The Cairns Group is seeking commitments to "cap and reduce" current trade and domestic support entitlements by at least half by 2030 (JOB/AG/177/Rev.2), which could present certain challenges at the MC12 talks. Under the AoA, the United States is currently committed to spend no more than $19.1 billion annually on those domestic farm support programs most likely to distort trade under the WTO—referred to as amber box programs and measured by the Aggregate Measure of Support (AMS). Since 2018, however, USDA has initiated several large ad hoc spending programs—valued at up to $60.4 billion cumulatively in 2018, 2019, and 2020—in response to international trade retaliation as well as economic disruption caused by the COVID-19 pandemic. These ad hoc payments are in addition to existing U.S. farm support programs. These payments have raised concerns among some U.S. trading partners and policymakers that U.S. domestic farm subsidy outlays on market-distorting farm support programs might exceed its annual WTO spending limit of $19.1 billion for one or more of those years, which could violate U.S. commitments under the AoA. The United States has not yet reported this spending to the WTO. For more background, see CRS Report R45305, Agriculture in the WTO: Rules and Limits on U.S. Domestic Support.
Considerations for Congress
Congress and its farming constituencies have typically closely monitored WTO negotiations related to agricultural trade matters, particularly involving tariff and nontariff barriers that may limit U.S. agricultural exports. Several U.S. agricultural trade associations and farm support organizations have outlined a range of recommendations in advance of the MC12 and other related efforts to institute WTO reforms more broadly. Specifically, these farm groups contend that "WTO reform should lead toward further market-based and sustainable trade liberalization, reduced distortions, enhanced transparency, and a more effective and efficient dispute settlement system." These groups further emphasize the need for "predictable and transparent trade rules" to ensure business certainty and to enforce multilateral rules, as well as to ensure that new areas of negotiation (such as climate change mitigation and sustainability) are pursued in a science-based and data-driven manner. They also express concerns that some WTO members want to add new special safeguard mechanisms or institute changes allowing for public stockholding that involve purchases from farmers at fixed government prices.

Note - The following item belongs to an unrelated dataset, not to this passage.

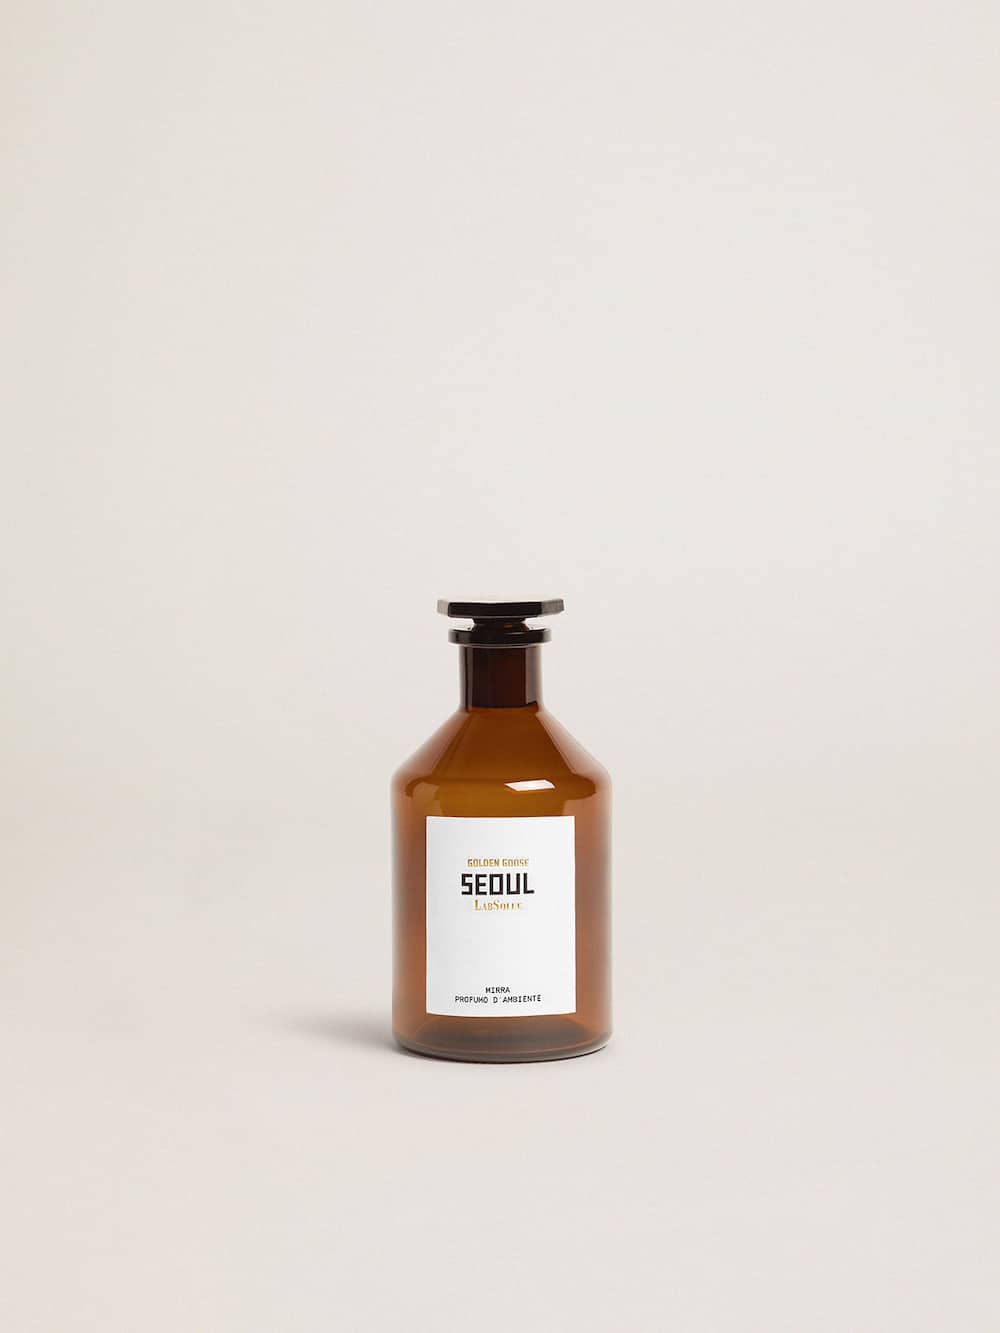 Golden Goose - Seoul Essence Myrrhe Raumduft 500 ml in

Many in Congress and in the U.S. food and agricultural sectors have also expressed concerns that the Biden Administration has not yet named a candidate for the Chief Agricultural Negotiator. The Chief Agricultural Negotiator position was created as a USTR post in the Trade and Development Act of 2000 (P.L. 106-200; 19 U.S.C. §2171) to conduct trade negotiations and enforce trade agreements relating to U.S. agricultural interests and products. If this position remains vacant, it could have implications for the upcoming MC12 agricultural negotiations.